What is the Redis Enterprise Cooldown Feature?

Last updated 18, Apr 2024

Question

Why do we have a cooldown period for a Redis Enterprise cluster and databases? The cooldown disadvantage is that after a second node failure, a master shard will have no replica (during the cooldown). So, what problem does the cooldown avoid?

Answer

As documented:

Both the cluster and the database have cooldown periods. After node failure, the cluster cooldown period prevents another replica migration due to another node failure for any database in the cluster until the cooldown period ends (default: one hour).
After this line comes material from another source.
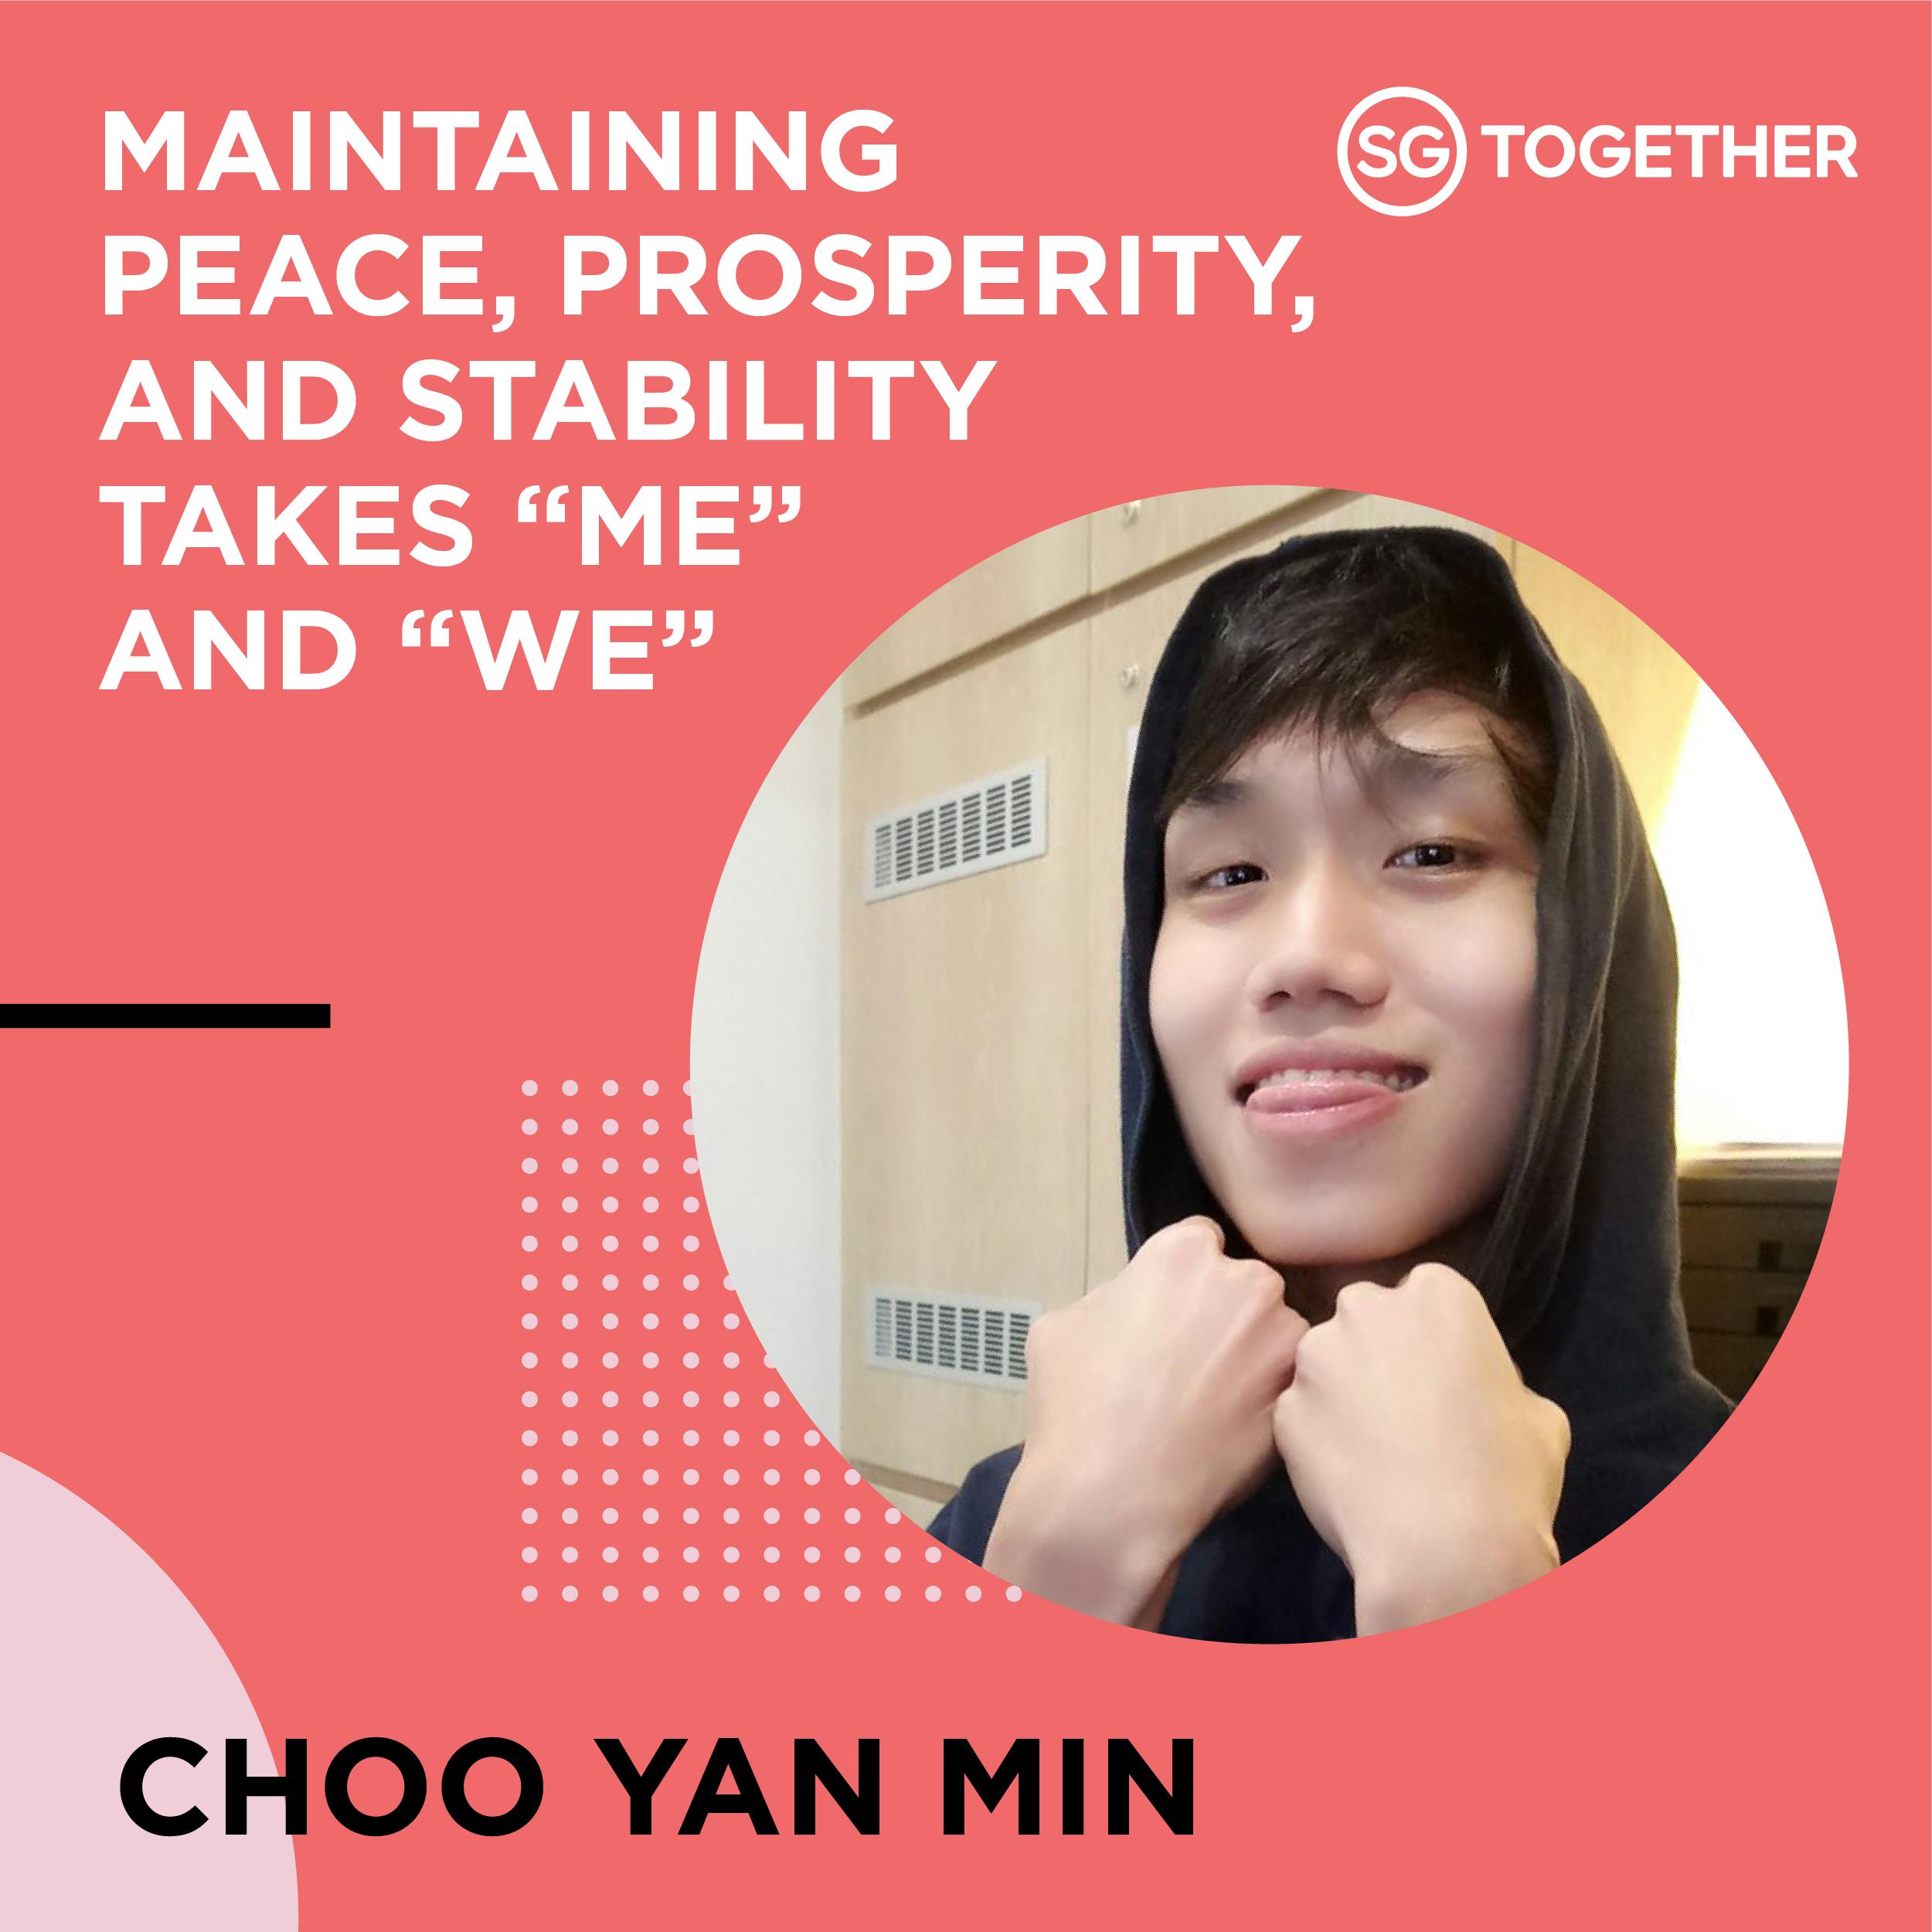 Choo Yan Min

The cooldown is a protection mechanism against cascading failures. Consider a usage that causes node-level problems (after a node has already failed and replica shards are reconfigured accordingly), causing an additional node failure. New shard replicas would come up, quickly killing the node they came up on because of the massive usage of resources. If we bring up new replicas immediately, we'll quickly end up causing a quorum loss in case of having a 3 nodes cluster.

Because of this, the cooldown is configured by default to one hour.

To minimize the risk of quorum loss and a consequent cluster outage, it is possible to configure a 5 nodes cluster instead of a 3 nodes cluster, and still have a quorum even in the case of 2 node failures.

References

Refer to the section Cooldown periods to understand how to configure the cooldown feature.